[jbosscache-dev] Cache unable to write to cluster

Wed Nov 12 05:03:11 EST 2008

On 11 Nov 2008, at 22:33, Brian Stansberry wrote:

> We just found an intermittent failure in the EJB3 testsuite[1]  
> that's more a JBC or JGroups issue. This is with JBC 3.0.0.CR4 and  
> JG 2.6.6. I'm speculating it relates to FLUSH work Vladimir's been  
> doing[2][3].
>
> Issue is an inability to replicate a put:
>
> Caused by: org.jboss.cache.lock.TimeoutException: State retrieval  
> timed out waiting for flush unblock.
> at  
> org.jboss.cache.RPCManagerImpl.callRemoteMethods(RPCManagerImpl.java: 
> 455)
> at ....
> org 
> .jboss 
> .cache 
> .invocation.CacheInvocationDelegate.put(CacheInvocationDelegate.java: 
> 560)
> at  
> org 
> .jboss 
> .ha 
> .cachemanager 
> .CacheManagerManagedCache.put(CacheManagerManagedCache.java:285)
> at  
> org 
> .jboss 
> .ejb3.cache.tree.StatefulTreeCache.putInCache(StatefulTreeCache.java: 
> 511)
> at  
> org 
> .jboss 
> .ejb3.cache.tree.StatefulTreeCache.create(StatefulTreeCache.java:123)
> ... 70 more
>
> Looking at RPCManagerImpl.java:455 we have:
>
> if (channel.flushSupported() && ! 
> flushBlockGate.await(configuration.getStateRetrievalTimeout(),  
> TimeUnit.MILLISECONDS))
> {
>   throw new TimeoutException("State retrieval timed out waiting for  
> flush unblock.");
> }
>
> Basically, failing on flushBlockGate.await().  Looking at use of  
> flushBlockGate, the gate is closed in block() and opened in  
> unblock(). *Assuming* no bug in ReclosableLatch, seems like block()  
> is getting called here with no subsequent call to unblock().  
> (Unfortunately, logs related to this failure are gone, so I can't  
> prove that.)
>
> Questions:
>
> 1) Vladimir, could the JGRP-855 issue result in block() getting  
> called with no subsequent call to unblock(), either on the flush  
> coordinator or on one of the other nodes?  If yes, your JGRP-855 fix  
> will probably fix this as well.
>
> 2) Looking at RPCManagerImpl.start(), it does a connect+state  
> transfer in a try/catch where any failure should result in a  
> CacheException being thrown from start().  That CacheException  
> should have prevented deployment of the ejb; i.e. the call shown in  
> the stack trace above shouldn't have happened.

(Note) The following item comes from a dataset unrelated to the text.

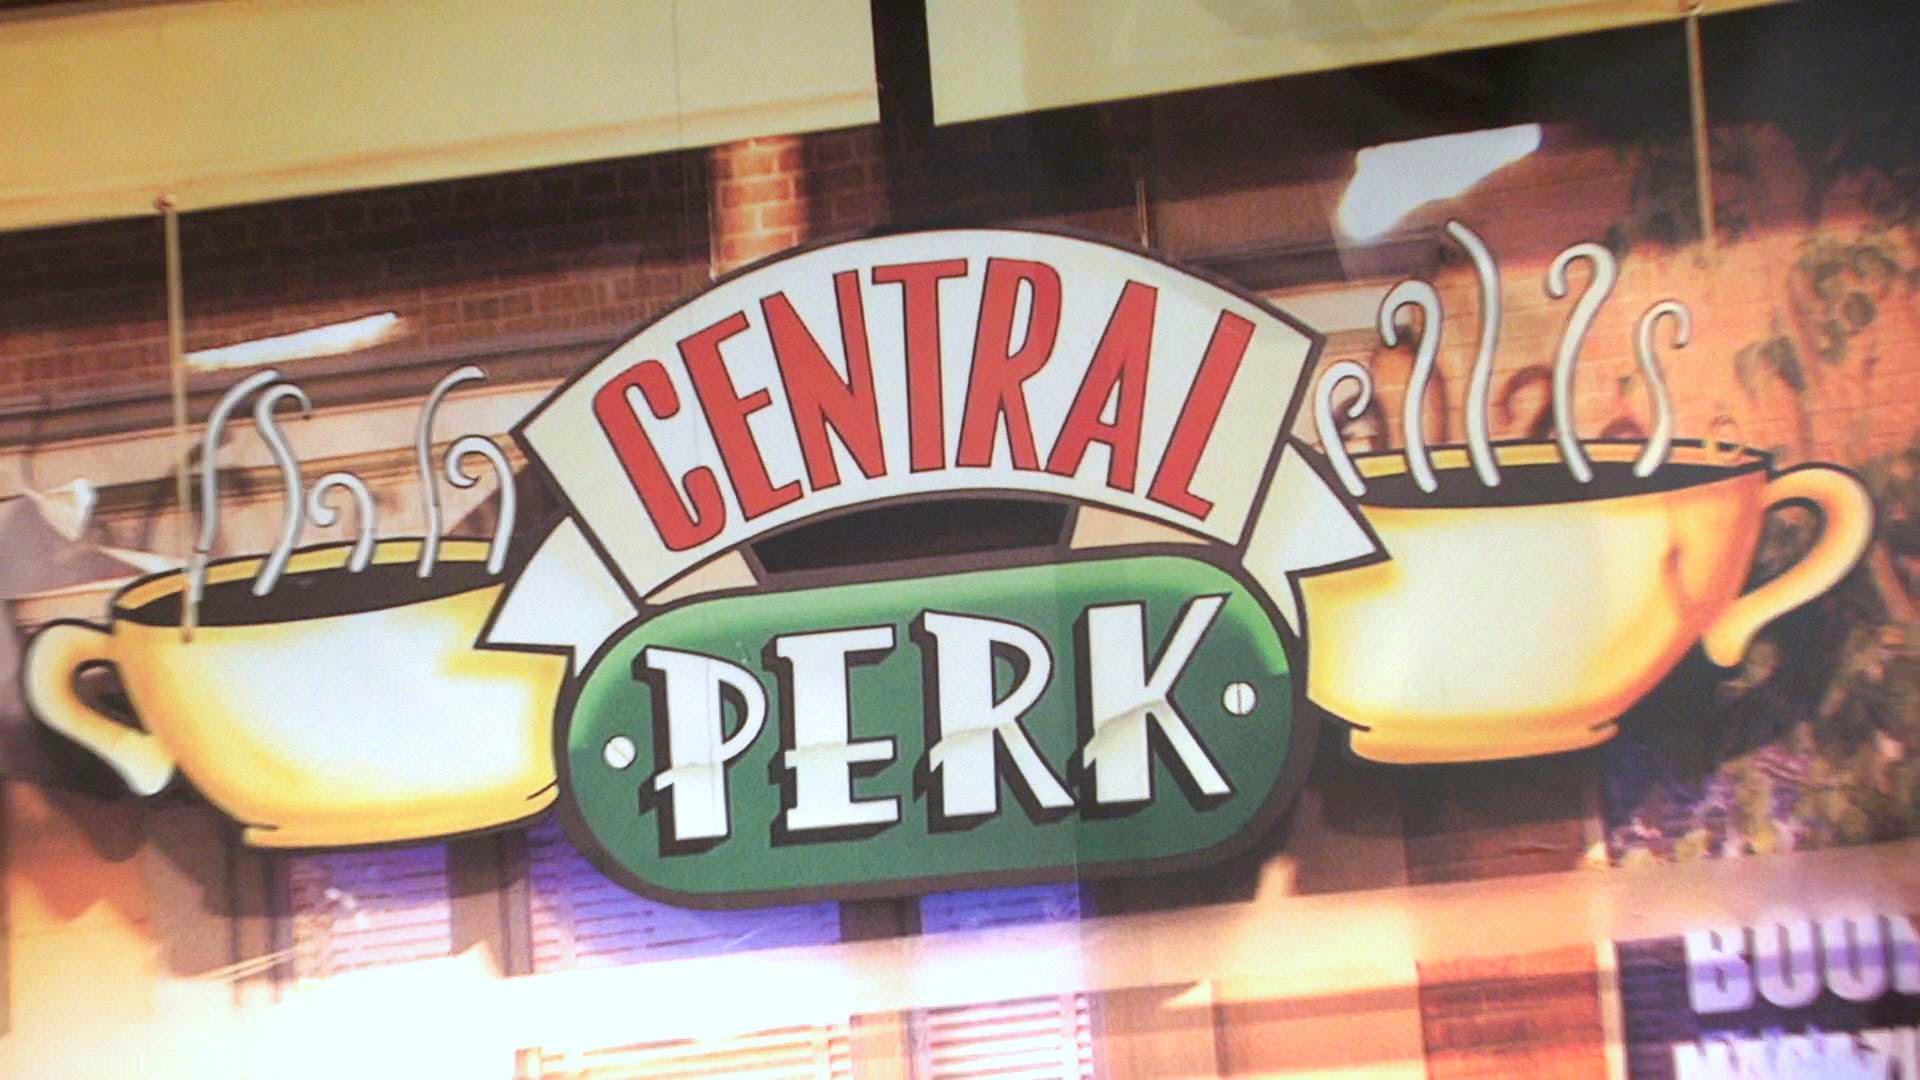 Central Perk from Friends, in Real Life

Only way I see it  
> could have happened is if the node that threw above exception wasn't  
> the flush coordinator; i.e. its cache started fine, but a problem on  
> another node led to its block() being called with no matching  
> unblock().  That's a big issue too, as it means a failure in one  
> node can take down the entire cluster by leaving everyone's  
> flushBlockGate closed.

Yes, this was always an issue with the way we used FLUSH - that  
someone in the group could initiate a FLUSH and then die leaving other  
members' flushBlockGates closed.  TBH, apart from adding timeouts to  
the flushBlockGate, I can't see how we would get around this.

Vladimir/Bela - in the scenario described (node initiates a FLUSH and  
then dies) would other nodes still see a view change relating to the  
node dying?

>
>
> [1] https://jira.jboss.org/jira/browse/EJBTHREE-1580
> [2] https://jira.jboss.org/jira/browse/JGRP-855
> [3] http://www.jboss.com/index.html?module=bb&op=viewtopic&t=145138
>
> -- 
> Brian Stansberry
> Lead, AS Clustering
> JBoss, a division of Red Hat
> brian.stansberry at redhat.com
>
> _______________________________________________
> jbosscache-dev mailing list
> jbosscache-dev at lists.jboss.org
> https://lists.jboss.org/mailman/listinfo/jbosscache-dev

--
Manik Surtani
Lead, JBoss Cache
manik at jboss.org